> _What needs to be done_:
All records below must be retyped exactly.

______________________________

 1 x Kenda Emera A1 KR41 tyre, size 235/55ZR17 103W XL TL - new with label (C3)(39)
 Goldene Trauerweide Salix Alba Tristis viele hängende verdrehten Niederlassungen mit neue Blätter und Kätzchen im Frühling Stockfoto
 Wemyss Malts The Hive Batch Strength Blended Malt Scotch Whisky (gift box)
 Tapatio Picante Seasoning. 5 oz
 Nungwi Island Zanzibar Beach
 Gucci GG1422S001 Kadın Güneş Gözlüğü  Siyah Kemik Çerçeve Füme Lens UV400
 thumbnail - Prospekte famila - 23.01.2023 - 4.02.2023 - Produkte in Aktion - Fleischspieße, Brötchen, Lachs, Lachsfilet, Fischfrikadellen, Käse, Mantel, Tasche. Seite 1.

______________________________

> _Exercise solution_:
 1 x Kenda Emera A1 KR41 tyre, size 235/55ZR17 103W XL TL - new with label (C3)(39)
 Goldene Trauerweide Salix Alba Tristis viele hängende verdrehten Niederlassungen mit neue Blätter und Kätzchen im Frühling Stockfoto
 Wemyss Malts The Hive Batch Strength Blended Malt Scotch Whisky (gift box)
 Tapatio Picante Seasoning. 5 oz
 Nungwi Island Zanzibar Beach
 Gucci GG1422S001 Kadın Güneş Gözlüğü  Siyah Kemik Çerçeve Füme Lens UV400
 thumbnail - Prospekte famila - 23.01.2023 - 4.02.2023 - Produkte in Aktion - Fleischspieße, Brötchen, Lachs, Lachsfilet, Fischfrikadellen, Käse, Mantel, Tasche. Seite 1.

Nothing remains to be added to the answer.